Caso Oi: Janaina Riva questiona legalidade, sigilo e rapidez em acordo de R$ 308 milhões firmado pelo Estado

Durante oitiva dos membros da Procuradoria-Geral do Estado na Assembleia Legislativa, nesta quarta-feira, a deputada estadual Janaina Riva (MDB) apresentou questionamentos diretos sobre a legalidade, o procedimento adotado e a transparência do acordo que resultou na devolução de aproximadamente R$ 308 milhões de ICMS à empresa Oi S.A.
A parlamentar concentrou as perguntas na base legal da autocomposição, na competência para negociação e assinatura do acordo, no enquadramento orçamentário do pagamento e na ausência de submissão ao regime constitucional de precatórios. Também solicitou a indicação expressa dos atos normativos que embasaram a decisão e a identificação das autoridades responsáveis por cada etapa do procedimento.
Janaina questionou se havia conhecimento prévio sobre o destino final dos valores devolvidos e se esses recursos teriam sido direcionados a fundos ou estruturas financeiras com eventual vínculo com pessoas ligadas ao governo estadual, além de indagar quais medidas de cautela foram adotadas para afastar conflito de interesses.
Outro ponto abordado foi o tempo de análise do acordo.
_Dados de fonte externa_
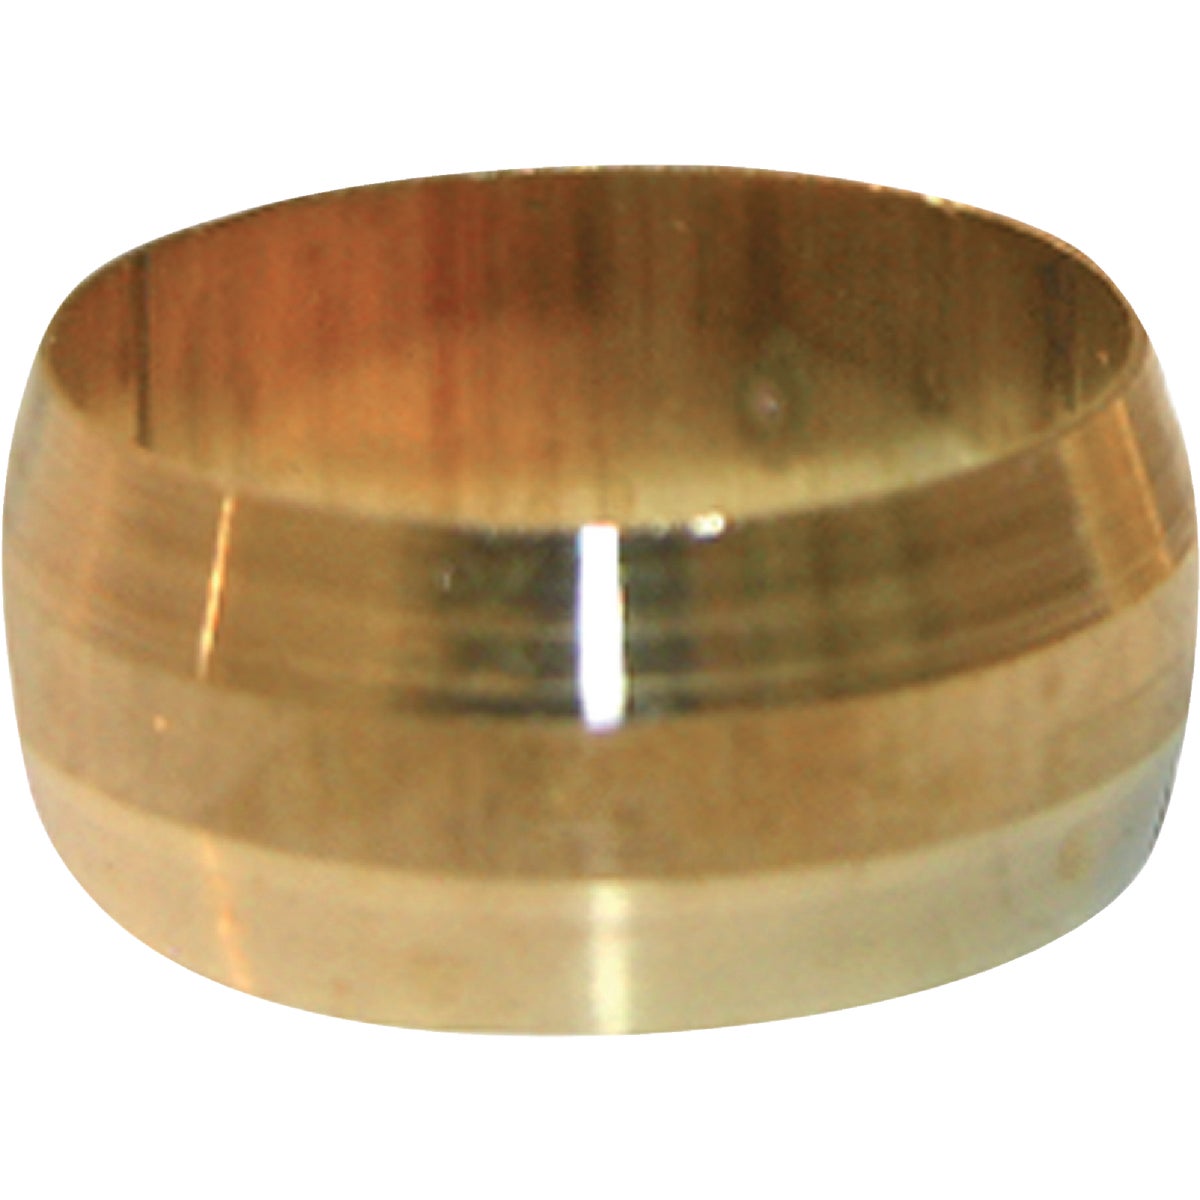 Lasco 3/8 In. Brass Compression Sleeve (2-Pack)

A deputada perguntou como a PGE justifica a manifestação favorável em aproximadamente 33 minutos e se houve parecer técnico completo e estudo de impacto financeiro antes da formalização.
Ela também solicitou que fosse demonstrada, de forma objetiva, qual a economia efetiva aos cofres públicos, considerando a alegação de perda de prazo por parte da Oi S.A., e qual risco concreto de condenação teria justificado o pagamento de R$ 308 milhões.
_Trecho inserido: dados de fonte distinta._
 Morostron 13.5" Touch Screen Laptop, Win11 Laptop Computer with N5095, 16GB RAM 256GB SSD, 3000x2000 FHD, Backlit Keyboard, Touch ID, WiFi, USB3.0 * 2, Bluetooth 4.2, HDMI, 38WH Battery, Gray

A parlamentar indagou ainda sobre aparente contradição entre o entendimento adotado nesse acordo e posicionamento anterior da própria Procuradoria em processo distinto, no qual teria sido afastada a possibilidade de autocomposição em matéria semelhante.
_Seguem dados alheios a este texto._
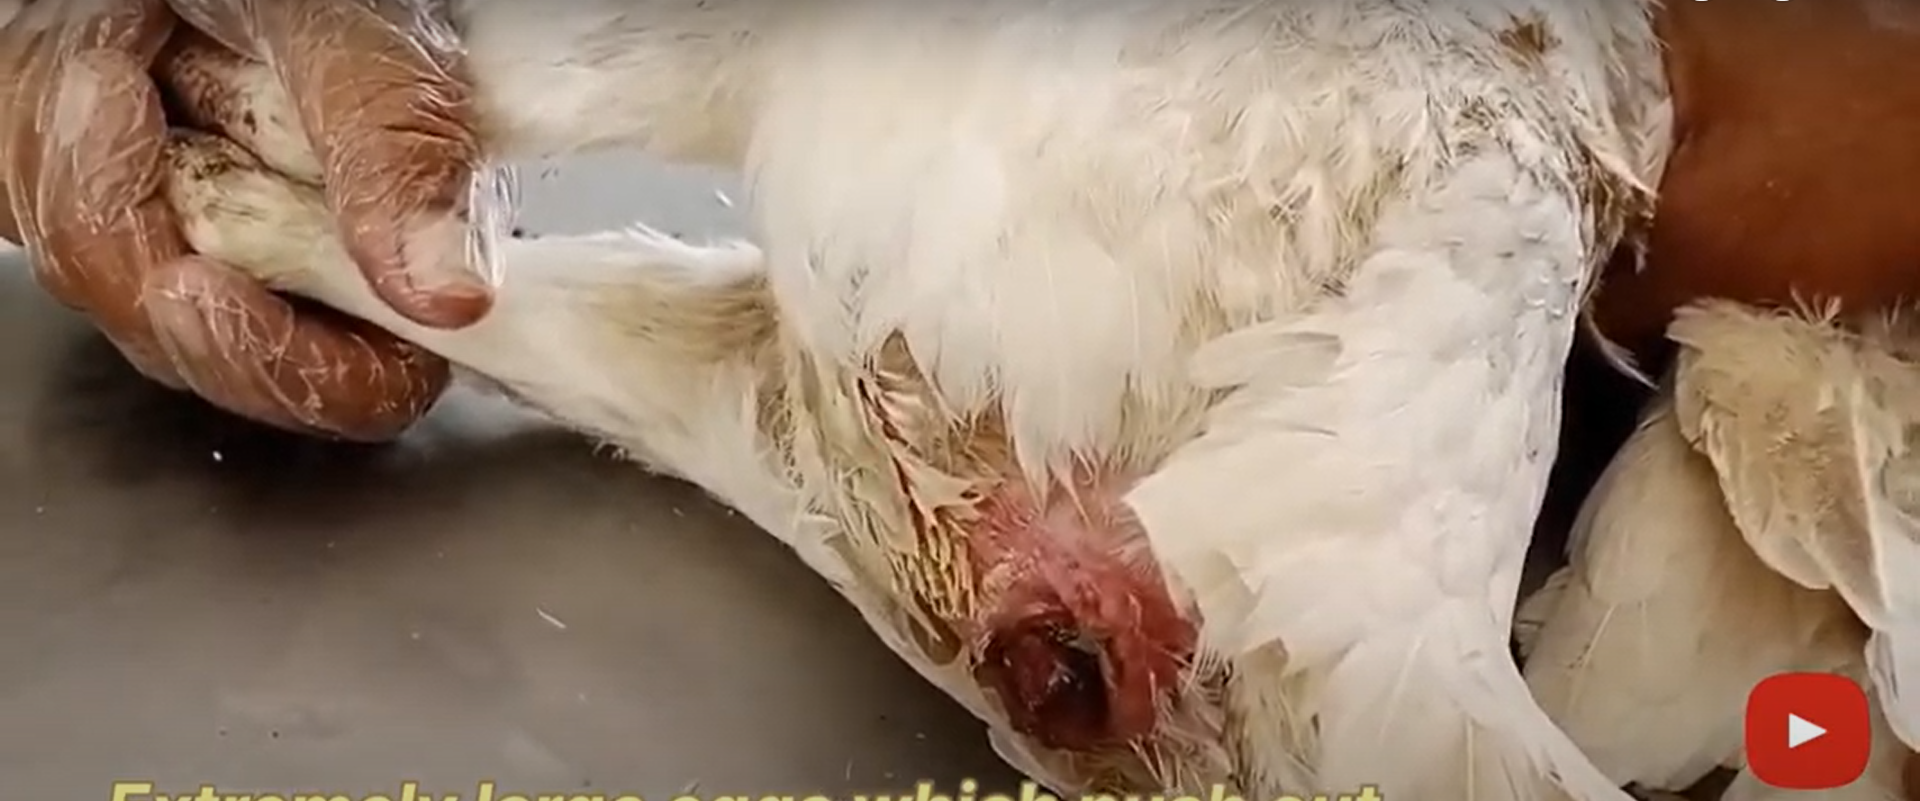 chicken vent prolapse cause and treatment

O acordo firmado pelo Estado com a operadora tornou-se alvo de debate público pelo volume de recursos envolvidos e pelos questionamentos sobre a condução jurídica e administrativa do caso.
A oitiva desta quarta foi direcionada ao procurador Luiz Otávio Trovo Marques, mas contou também com a presença do Procurador Geral do Estado, Francisco Lopes, que deverá ser ouvido no início de março.